June 16, 2025

Comerica Economic Weekly

Preview of the Week Ahead


The FOMC is forecast to hold the federal funds target unchanged at their decision on Wednesday.  They will likely repeat that the federal funds target’s current setting at a range of 4.25% to 4.50% puts monetary policy “in a good place” to react to downside risks to the job market or upside risks to inflation should they materialize. The Fed is also likely to repeat that they think it is appropriate to exercise “patience” and “wait and see” how the mix of higher tariffs and tax cuts collectively impacts the economy. A repeat of the patience/wait and see language would signal that policymakers expect to hold the federal funds target steady again at the July decision. 

May’s economic activity indicators due out this week are likely to come in weak. Retail sales are expected to fall on a drop in new car and truck sales and lower gas prices. Core retail sales excluding these categories likely rose, though. Industrial production was likely lower in May, too, with tariff uncertainty weighing on manufacturing and lower oil and gas production a headwind to mining. Housing indicators were likely mixed in May. Building permits likely rose after a large drop in April, while housing starts were likely lower on the month.

 
The Week in Review


Inflation ran cool in May, helped by lower energy and egg prices. Both total and core CPI rose 0.1% on the month, as did total and core PPI inflation. From a year earlier, CPI rose 2.4%, a third consecutive month under 2.5%; core CPI held steady at 2.8%, the lowest since early 2021. In the same terms, PPI picked up to a 2.6% increase from an upwardly-revised 2.5% in April, while core PPI excluding foods and energy slowed to 3.0% from 3.2%. The Fed will welcome the cool inflation data, but won’t breathe too easy since the ISM PMIs reported business input prices rising at the fastest rate since late 2022 in May. Also, crude oil futures have bounced to the highest since early April after Israel attacked Iran, which will raise June’s CPI if sustained. 

In addition to May’s cool price data, the latest jobs data came in soft, too. Initial jobless claims for the week ended June 7, as well as continued jobless claims which are released at a one-week lag, were both the highest in more than a year in the latest reports. The four-week moving average of initial claims is the highest since August 2023, while the four-week moving average of continued claims is the highest since late 2021. The wobbly jobless claims data are further evidence that the job market softened more in May than suggested by the headline of the last monthly jobs report.

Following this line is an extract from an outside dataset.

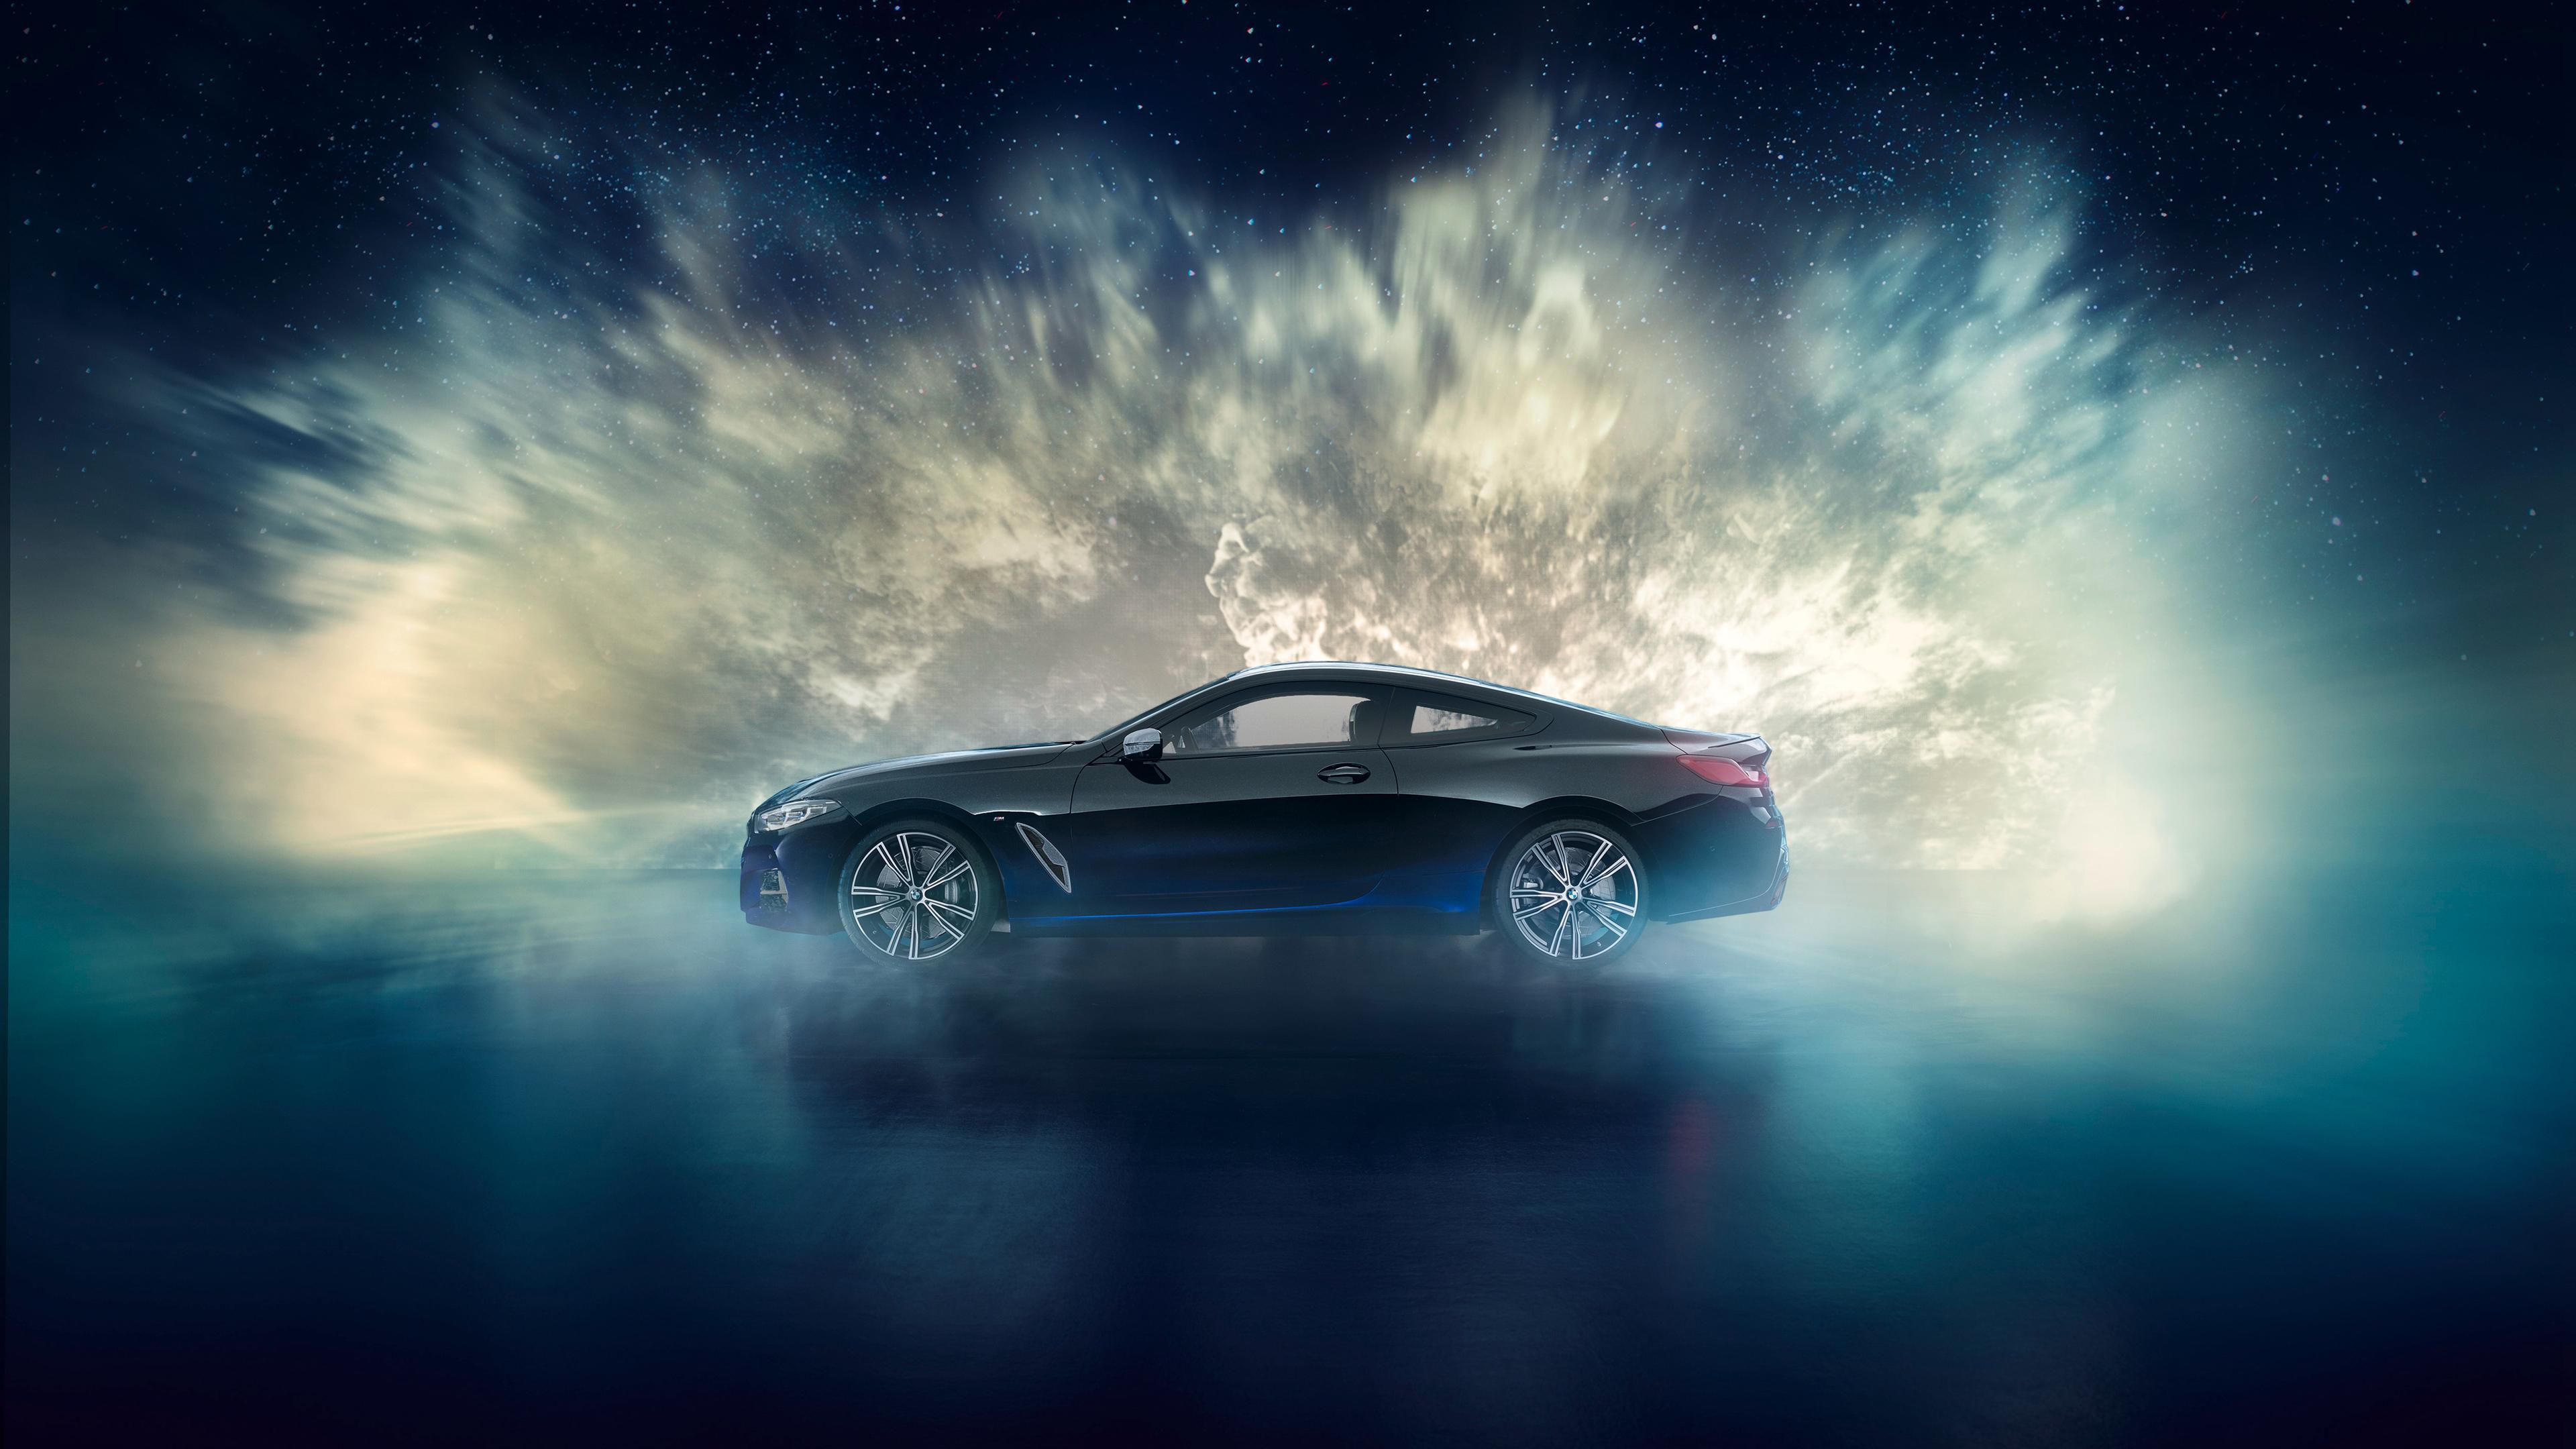 bmw individual m850i xdrive night sky 2019 new 4k 1547936924 - BMW Individual M850i XDrive Night Sky 2019 New 4k - hd-wallpapers, cars wallpapers, bmw wallpapers, 4k-wallpapers, 2019 cars wallpapers

The federal fiscal balance swung from a $258 billion surplus in April to a $316 billion deficit in May as the boost to revenues from income tax season passed. Receipts jumped 14.7% on the year as tariff revenues increased, while outlays were up just 2.5%. The University of Michigan’s Consumer Sentiment Indicator rebounded to the highest since February in the preliminary release for June as inflation expectations fell, but may weaken in the final release after the latest Mideast conflict.